Ein Toggenburger zwischen Kunst, Kirche und Widerstand

Ausstellung

Zeitweise war der Toggenburger Kunstmaler Willy Fries fast in Vergessenheit geraten. Eine aktuelle Ausstellung in Wattwil holt sein Werk aus der Versenkung.

Willy Fries war 31 Jahre alt, als er seinen ersten öffentlichen Auftrag von den drei christlichen Landeskirchen der Schweiz erhielt. Er sollte für die Landesausstellung, der legendären «Landi 39», ein grosses Tafelbild malen und entschied sich für den heiligen Christophorus. Bei Fries trägt er das Christuskind aber nicht wie in der Legende über einen Fluss, sondern durchwatet mit ihm das untere Zürichseebecken.

Der Andere Fries. «Den Säntis und die Churfirsten hat Fries direkt an den Zürichsee geholt, um so einen Bezug zu seiner Toggenburger Heimat herzustellen», erklärt Silvan Altermatt, Kurator und Werkverantwortlicher der Stiftung Willy Fries Wattwil. Er hat das imposante, 200 Kilogramm schwere Bild ins Gemeindehaus Wattwil geholt. Dort bildet es quasi den Mittelpunkt der Ausstellung mit über hundert Gemälden, Zeichnungen und Skizzen. «Wir wollen aber nicht nur den religiösen, sondern auch den anderen Fries zeigen», sagt Altermatt. Etwa seine frühen Landschaften, Stillleben und Porträts.

Dennoch bleibt der Name Willy Fries (1907–1980) stark mit religiösen Motiven verknüpft. Mit seinen Passionsbildern, die er in das eigene örtliche und zeitliche Umfeld transferierte, übte er Kritik am Verhalten der Schweiz und insbesondere der Kirchen im Zweiten Weltkrieg. Als junger Mann und Student der Kunst- und Literaturgeschichte zog es ihn Ende der 1920er-Jahre nach Paris und Berlin. Dort erlebte er den aufkommenden Nationalsozialismus hautnah.

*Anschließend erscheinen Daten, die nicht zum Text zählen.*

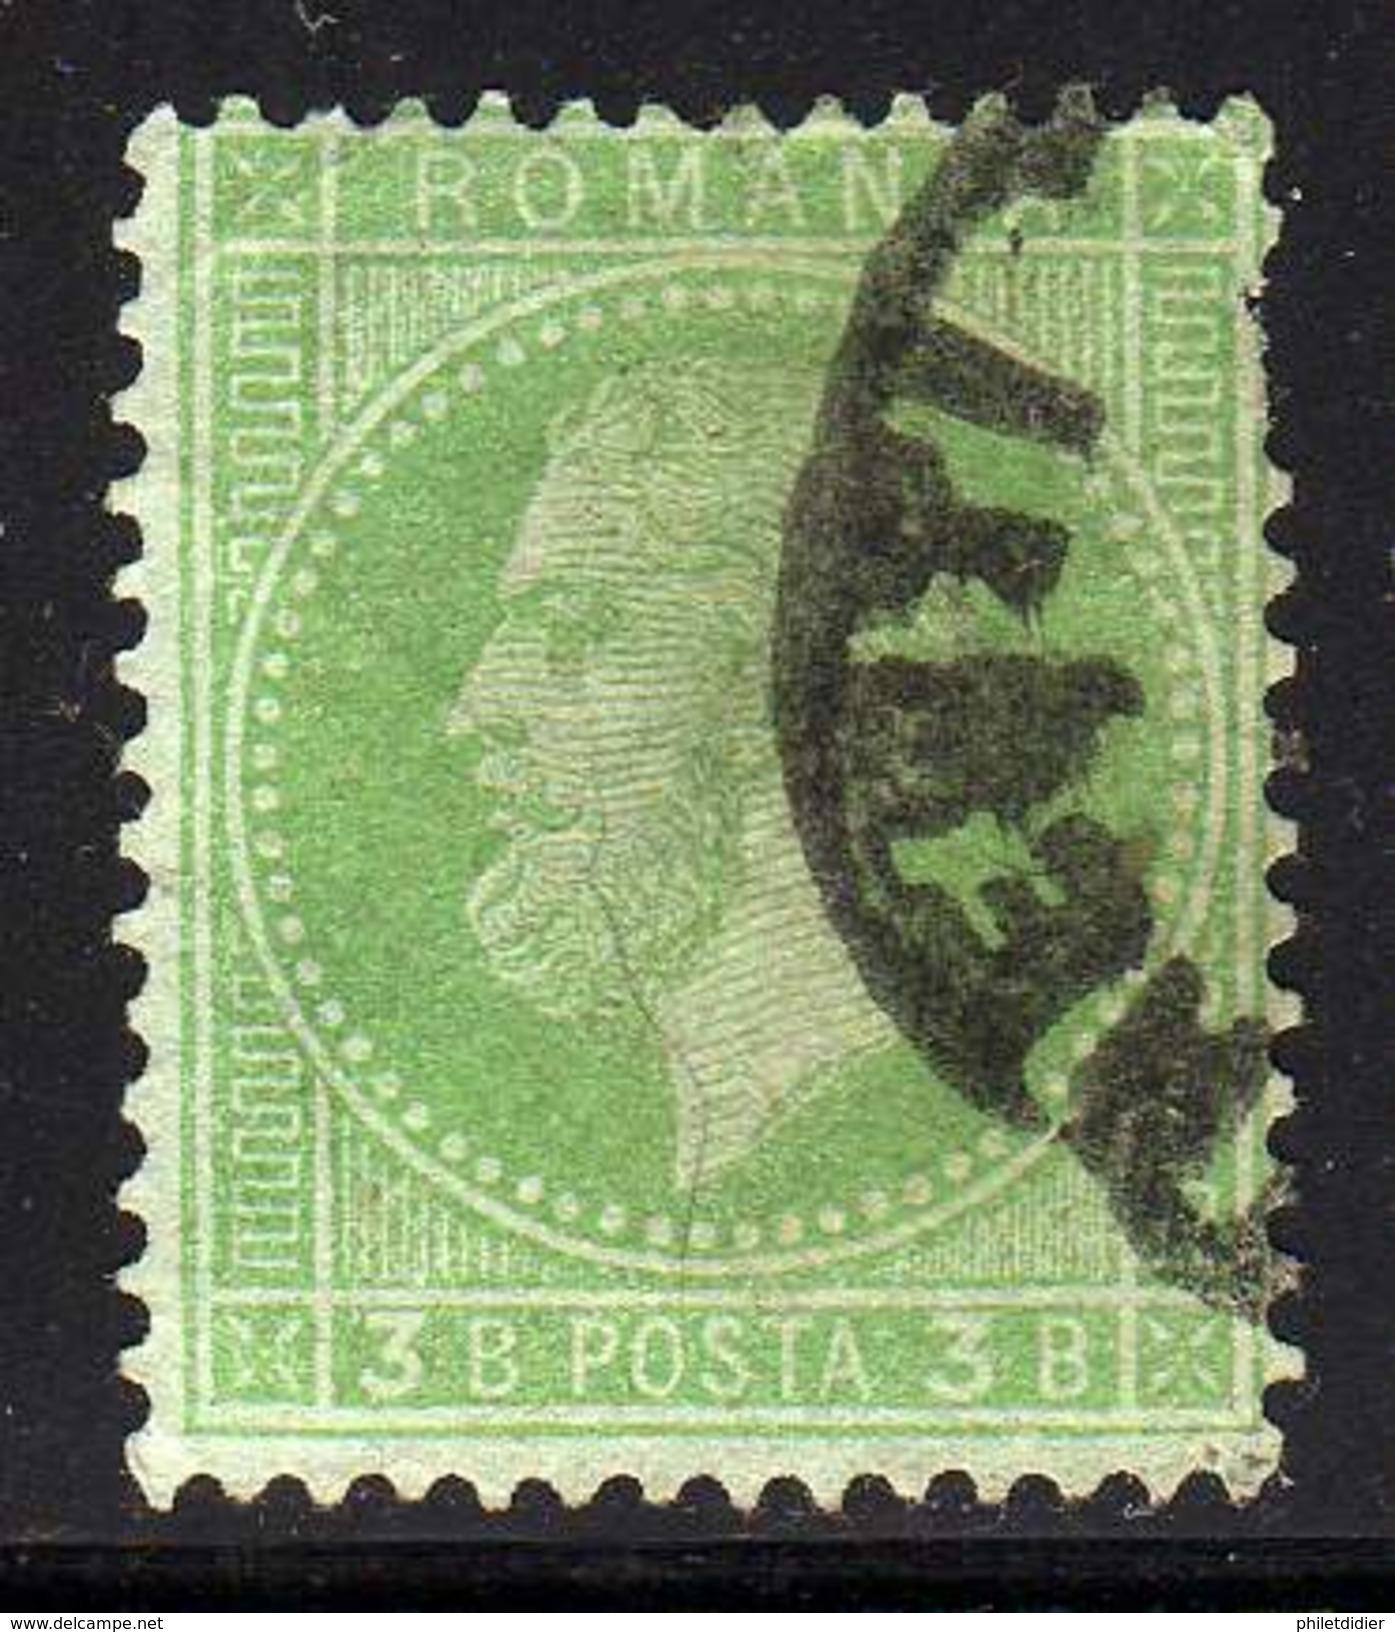 ROUMANIE YT 37 OBLITERE COTE 2.25 € - 1858-1880 Moldavia & Principato

Anders als sein expressionistischer Weggefährte und Vorbild Emil Nolde (1867–1956) beeindruckten ihn Menschen, «die aktiven Widerstand gegen den gefährlichen Ungeist leisteten». In Berlin traf er auf die «Bekennende Kirche» – den innerkirchlichen Widerstand gegen die Nazis, dem Martin Niemöller oder Dietrich Bonhoeffer angehörten.

Durch die Liebe zur Bibel. Seine Entwicklung hin zum religiösen Maler hat aber zuerst mit der Liebe zu tun. Es war seine Berliner Freundin Luise Grosse, die ihn mit dem Evangelium vertraut machte. «Sie schlug ihm vor, zusammen täglich daraus zu lesen», sagt Altermatt.Auf Druck seiner Familie beendete der Maler die Beziehung aber, «weil eine Deutsche nicht gerne gesehen wurde».

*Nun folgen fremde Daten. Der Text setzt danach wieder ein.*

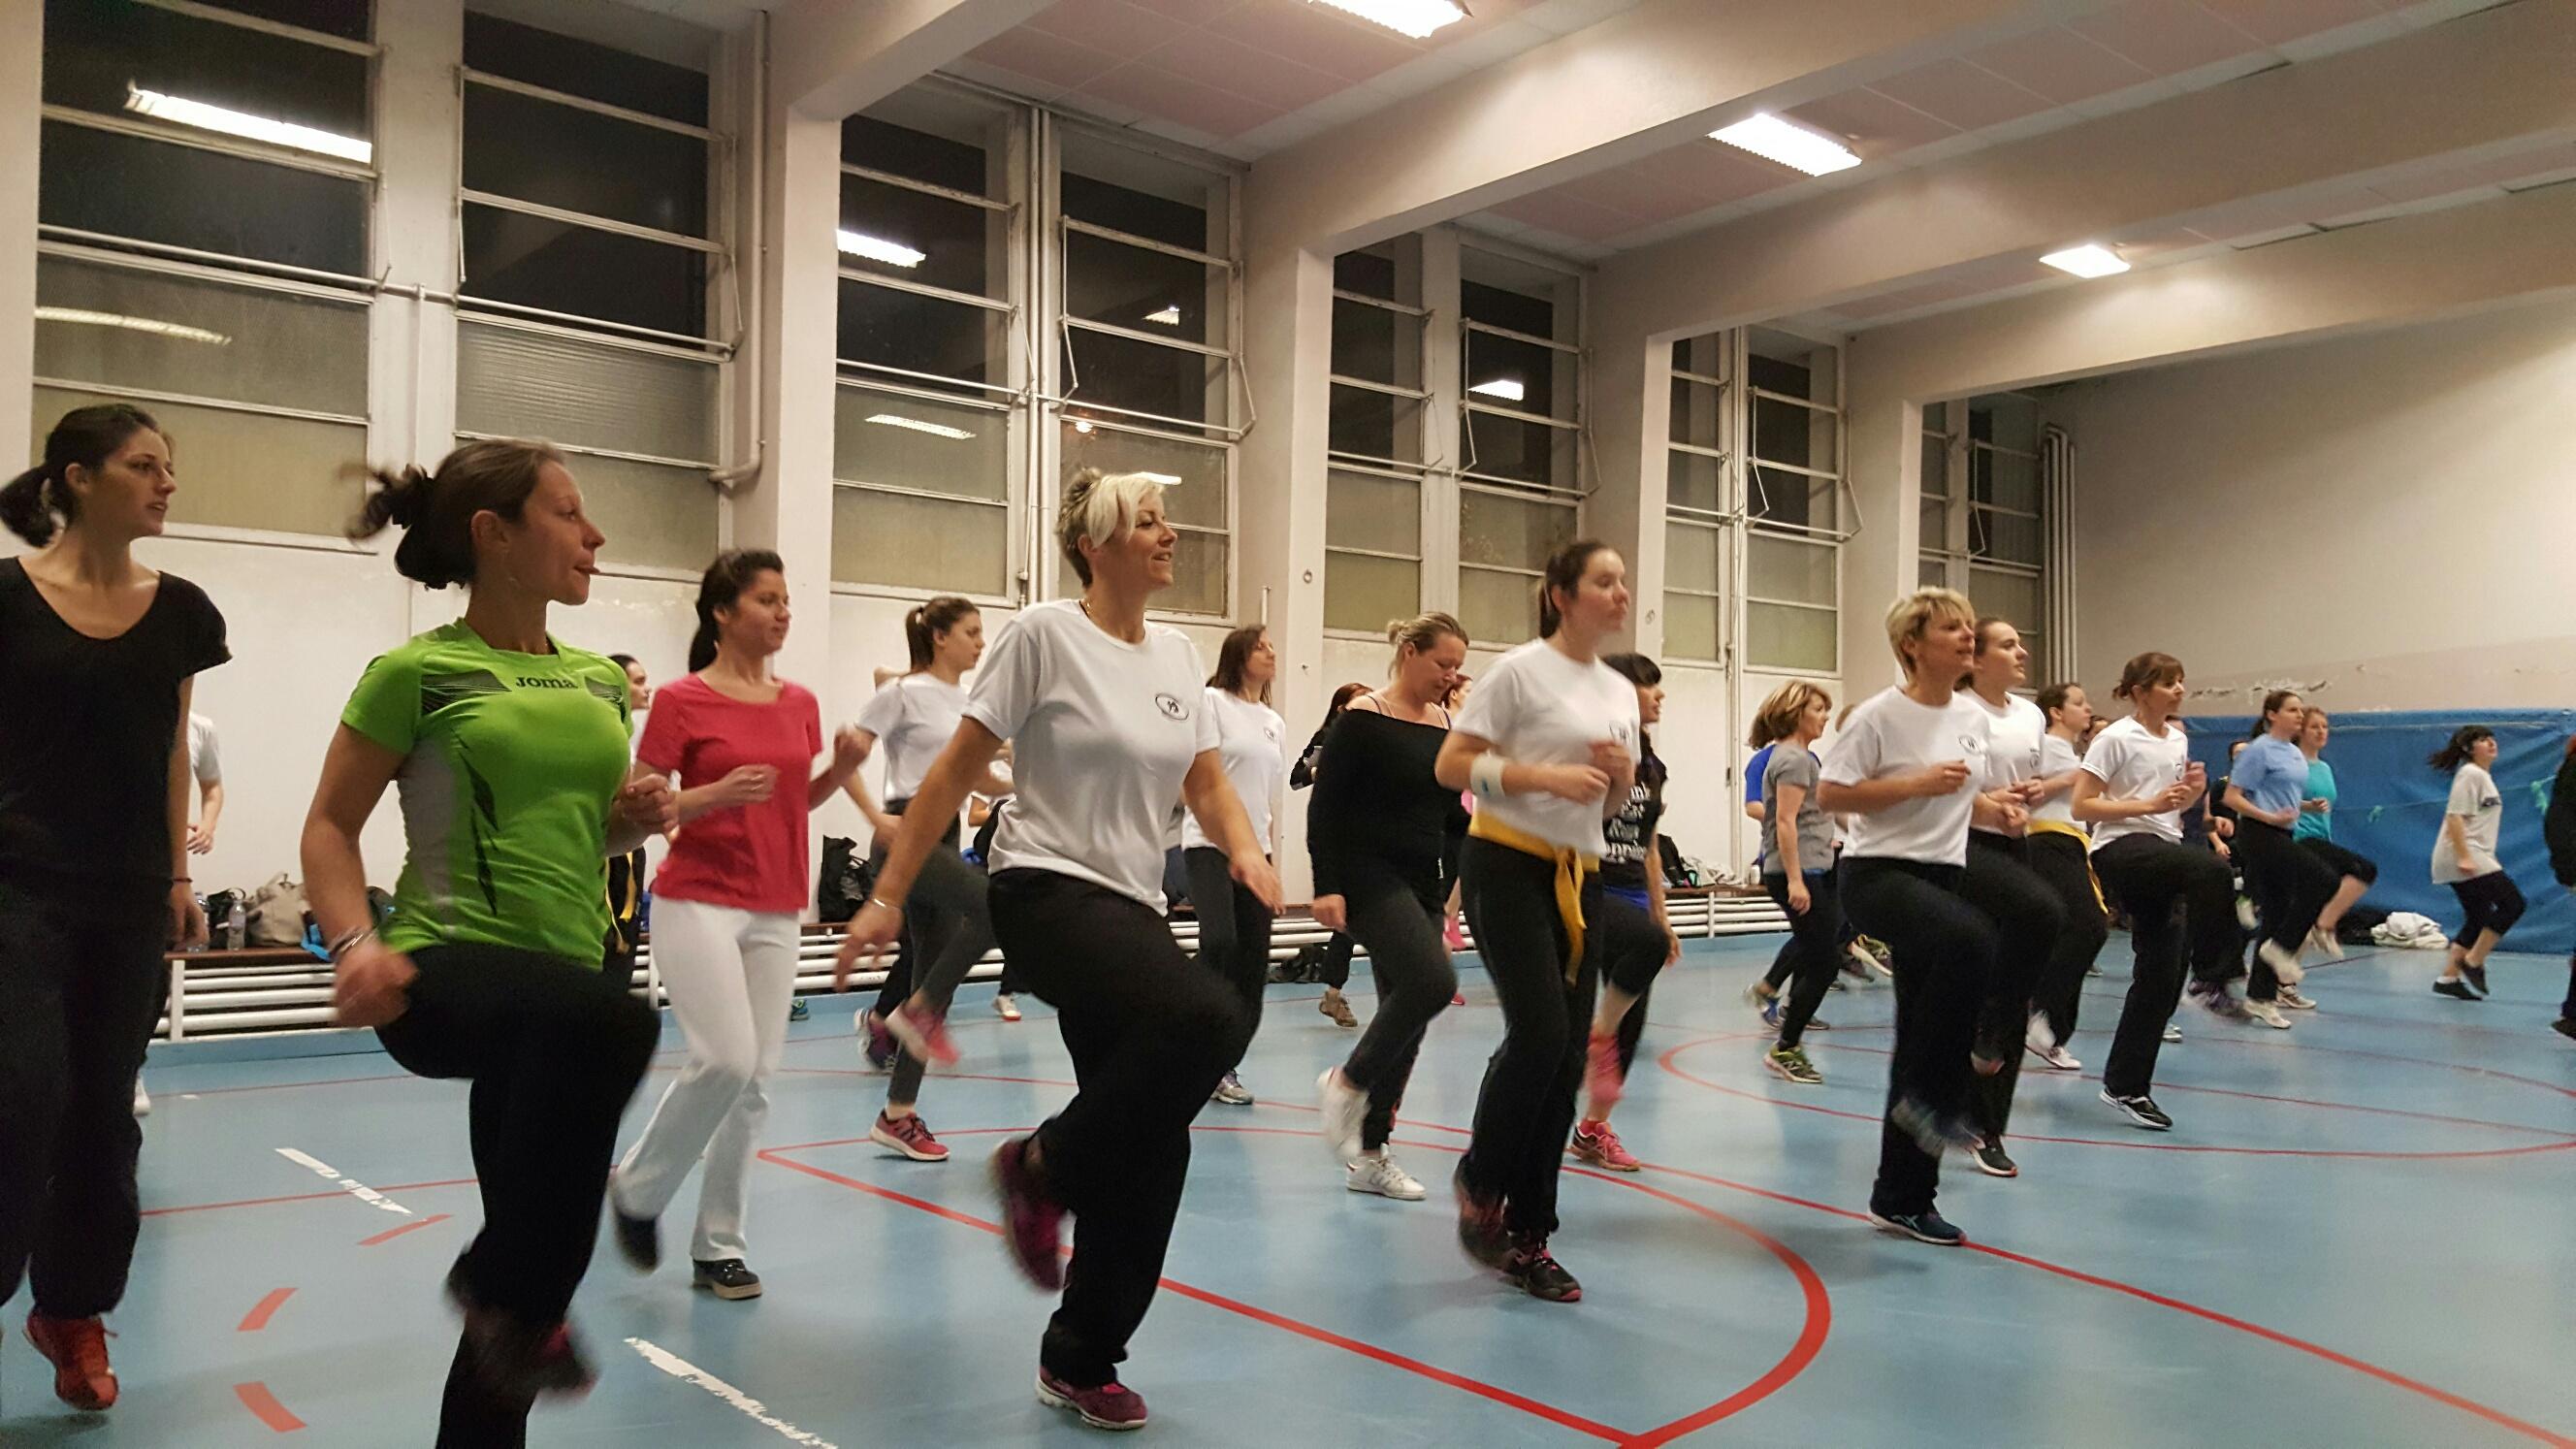 Un cours d'initiation au Krav Maga à l'occasion de la journée de la femme

1939 heiratete Fries die Pfarrerstochter Dorothea Wieser in Wattwil. Während den Kriegsjahren malte Fries ohne Auftrag seine Grosse Passion, die Anfang der 1950er-Jahre auf Widerstand in der Reformierten Kirche stiess. Nach dem Krieg erhielt er viele Aufträge von der Evangelischen Kirche Deutschlands und in der Schweiz, hielt Vorträge über Kunst und Kirche. 1972 wurde ihm der Ehrendoktor der theologischen Fakultät in Bern verliehen. «Willy Fries ist in der Schweiz fast vergessen», sagt Altermatt. Die Ausstellung im Gemeindehaus Wattwil, die noch bis am 2. Juni zu sehen ist, will dies ändern. Übrigens ist Fries auch in Zürich präsent: In der Friedhofshalle von Dürnten und den Kirchgemeindehäusern von Rüti und Kilchberg finden sich seine Fresken.